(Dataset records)
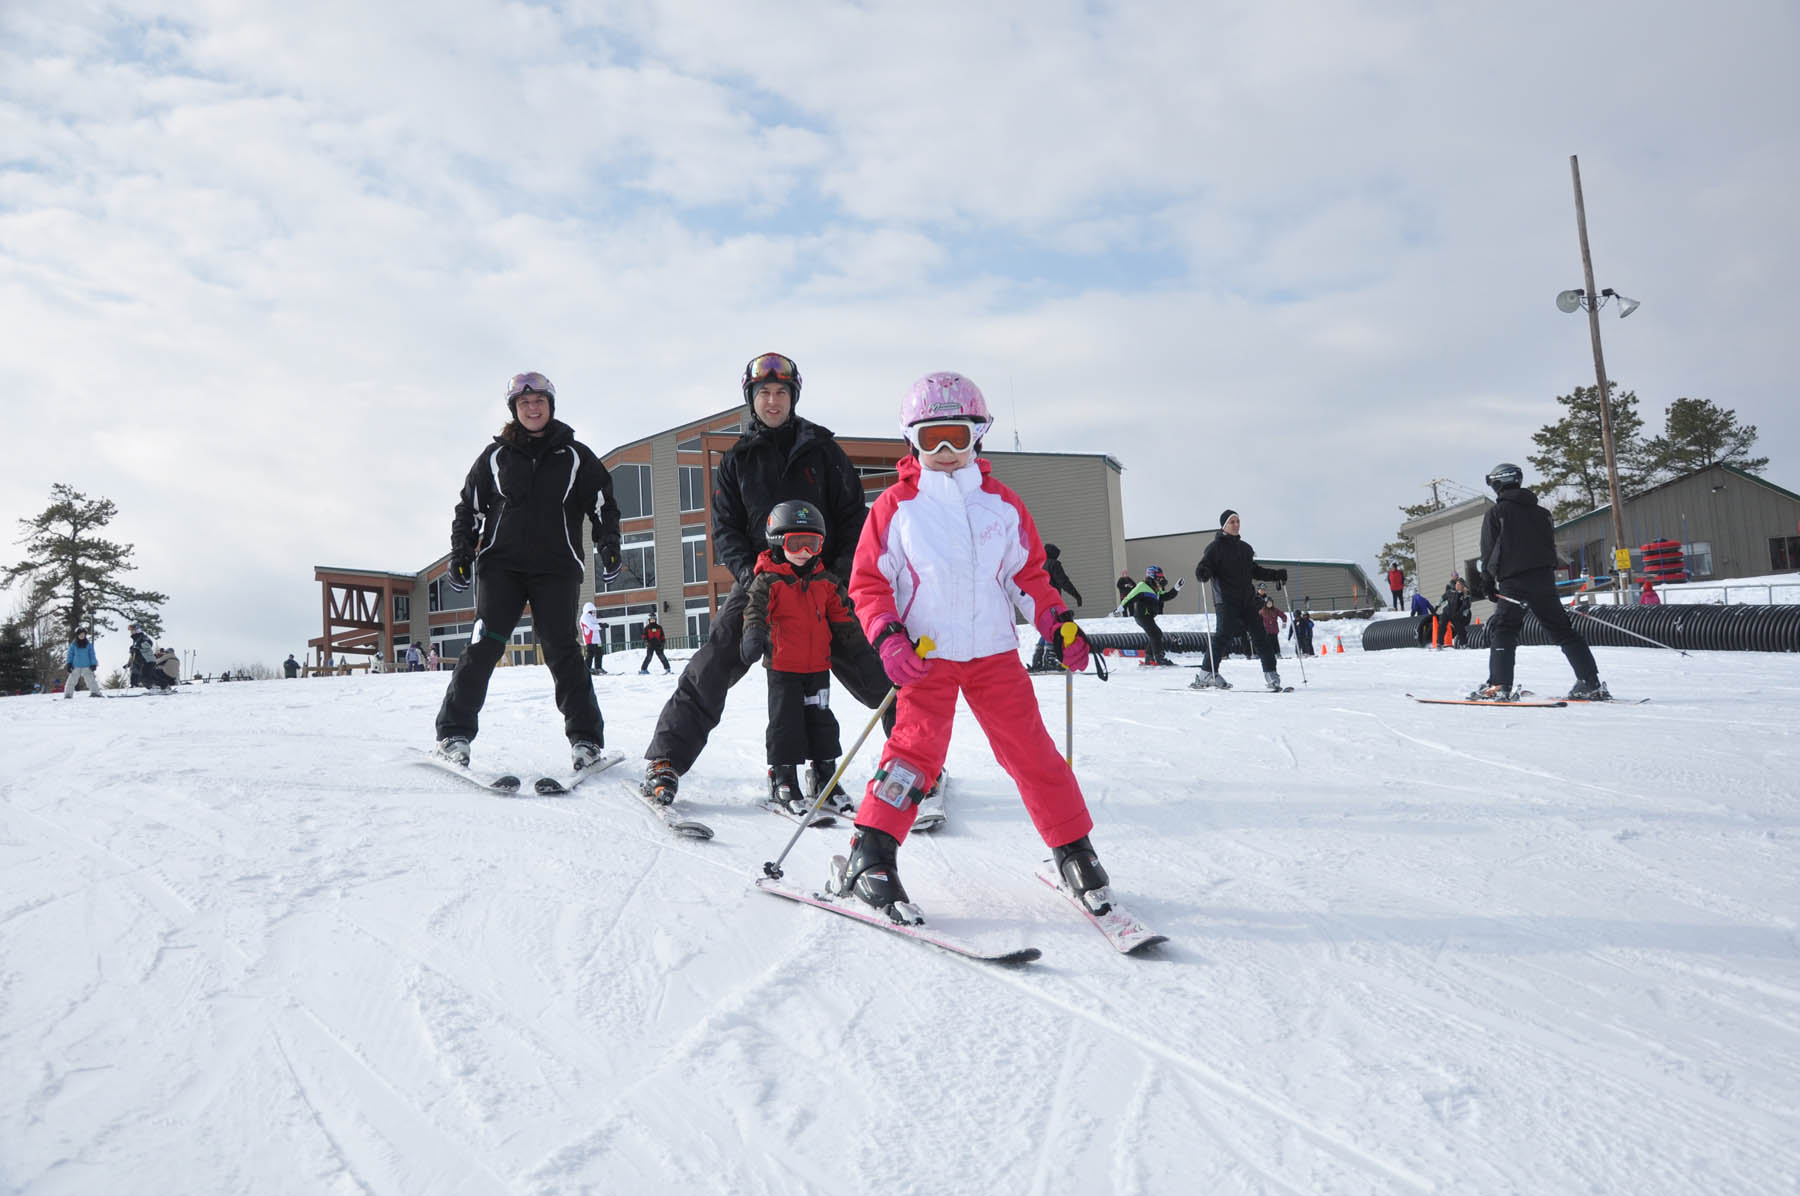 Parents and young children on skis.
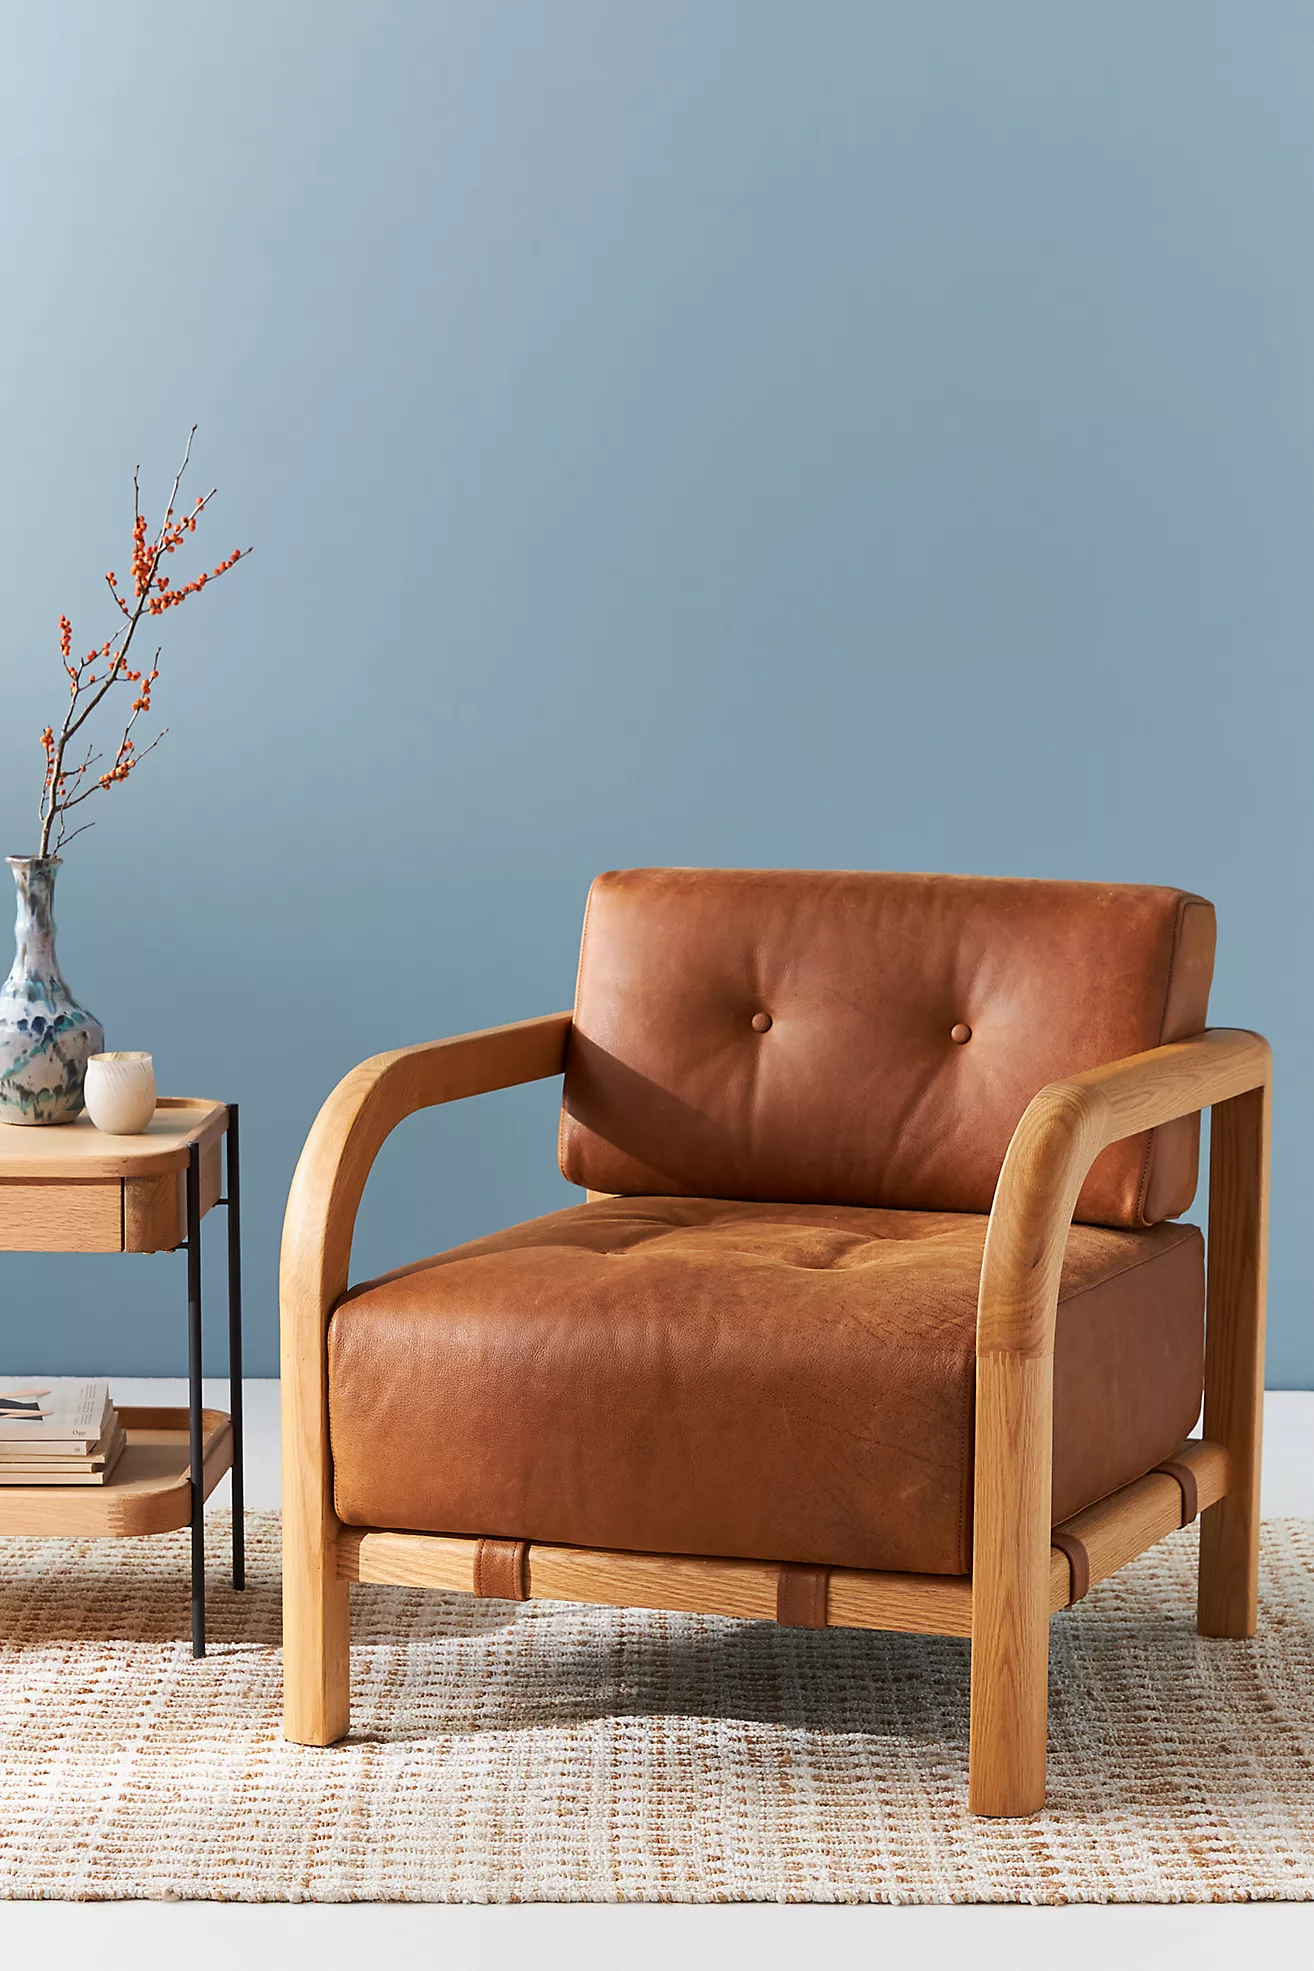 Warm Up Your Room with a Leather Chair
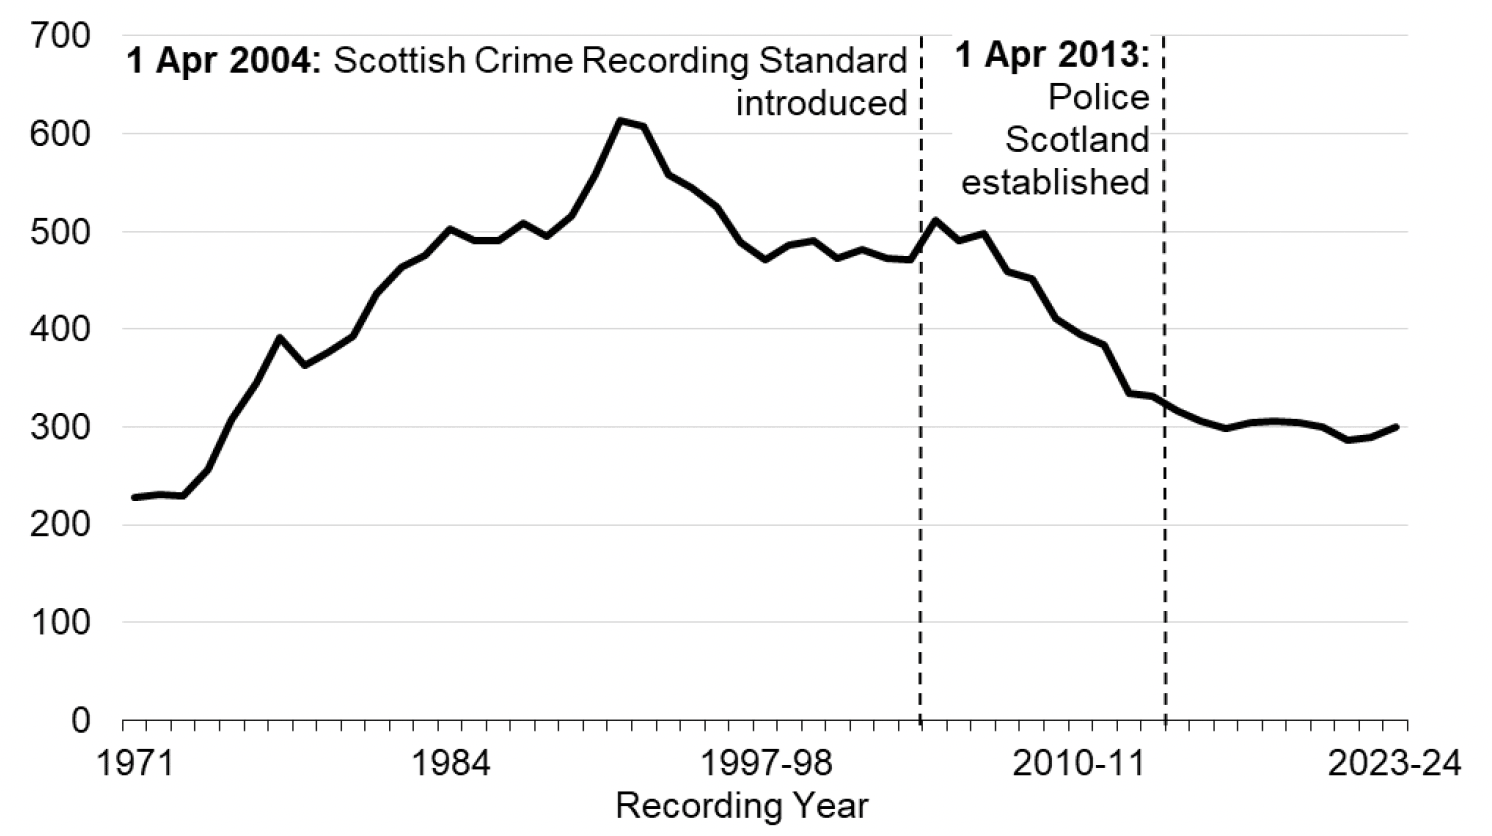 A line chart showing that total crimes recorded generally increased between 1971 and 1991 when it peaked but then generally decreased between 1991 and 2023-24. The lowest recorded level was in 1971.
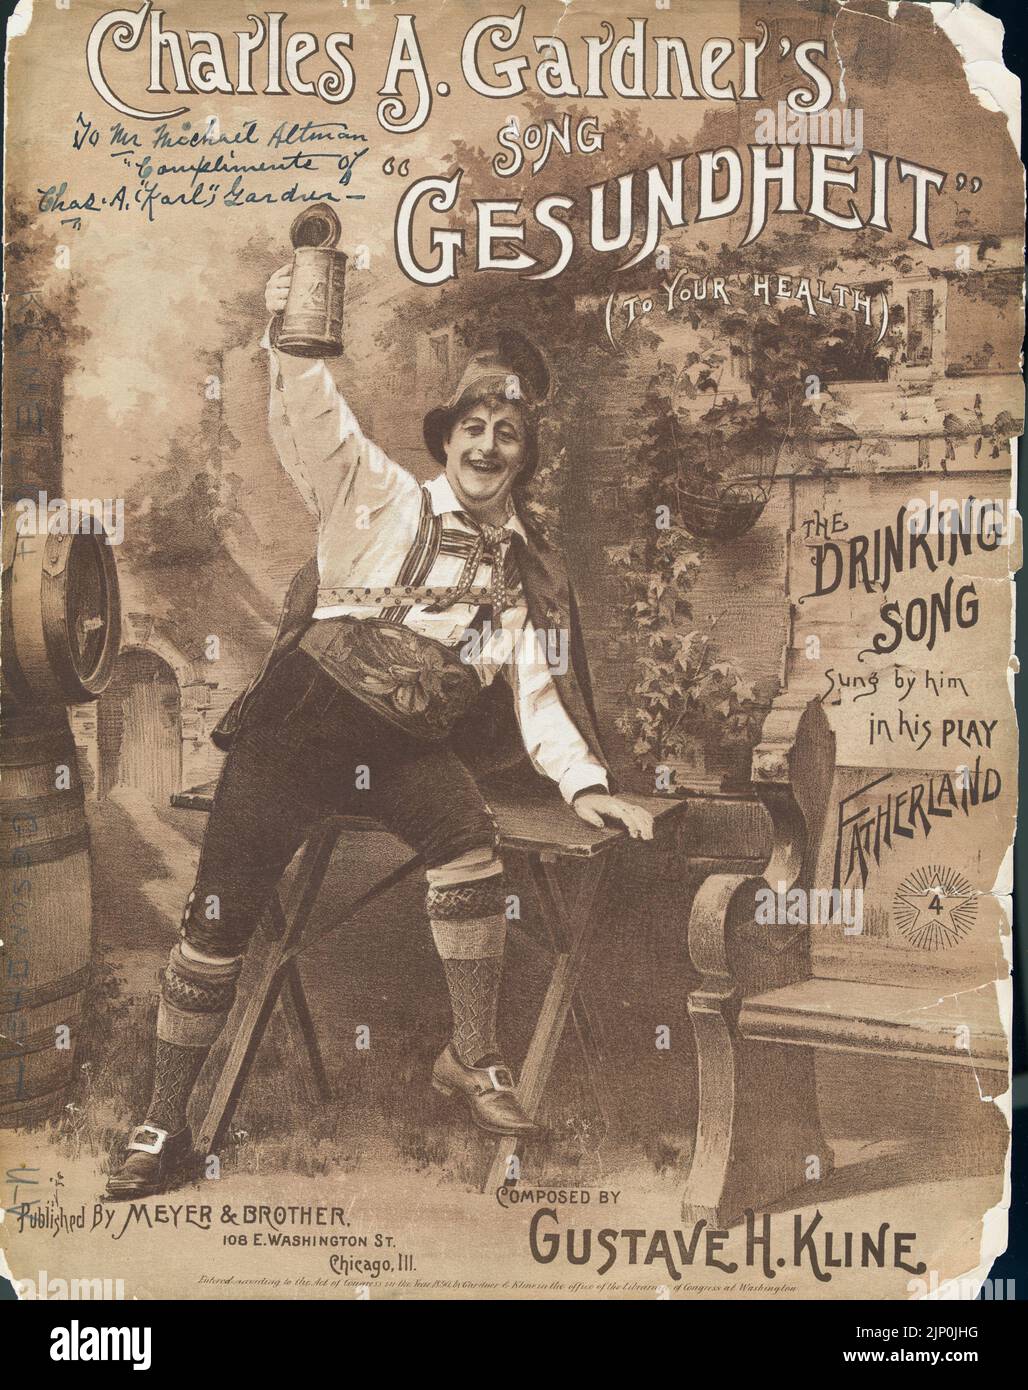 Gesundheit (To your health), Composed by Gustave H. Kline, Lyrics by Marion May, The Drinking Song Sung by Charles A. Gardner in his play Fatherland, Published by Meyer and Brother (1890) Sheet music cover Stock Photo
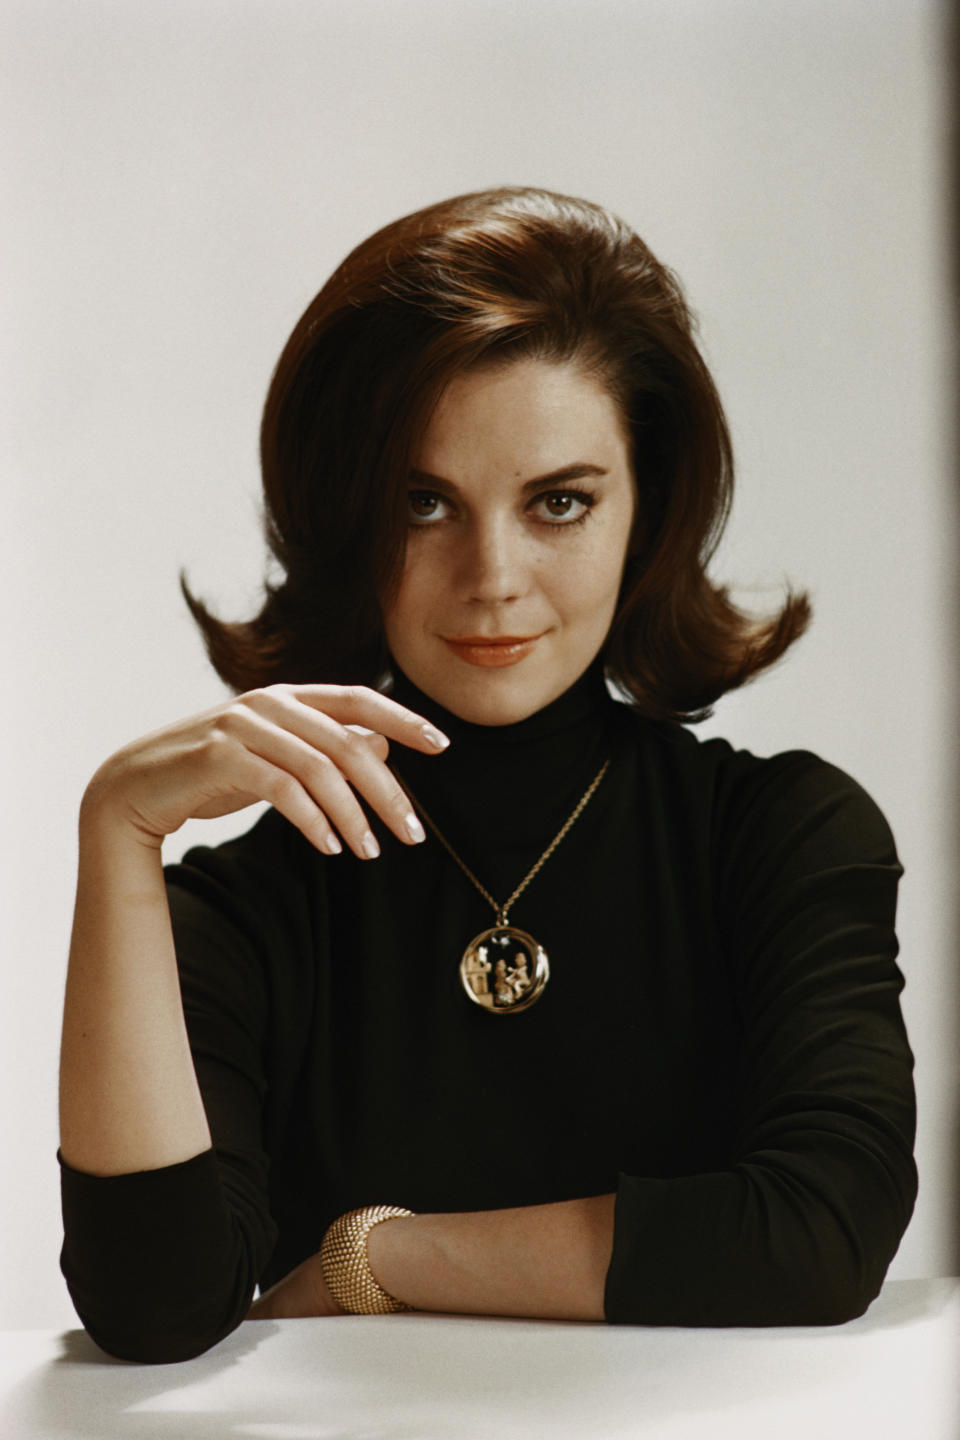 The actress wears a black turtleneck in this photo from the early '60s.&nbsp;

EXERCISE DETAILS: Could you set down the records above exactly, skipping any picture?

SOLUTION TO THIS PROBLEM:
 Parents and young children on skis.
 Warm Up Your Room with a Leather Chair
 A line chart showing that total crimes recorded generally increased between 1971 and 1991 when it peaked but then generally decreased between 1991 and 2023-24. The lowest recorded level was in 1971.
 Gesundheit (To your health), Composed by Gustave H. Kline, Lyrics by Marion May, The Drinking Song Sung by Charles A. Gardner in his play Fatherland, Published by Meyer and Brother (1890) Sheet music cover Stock Photo
 The actress wears a black turtleneck in this photo from the early '60s.&nbsp;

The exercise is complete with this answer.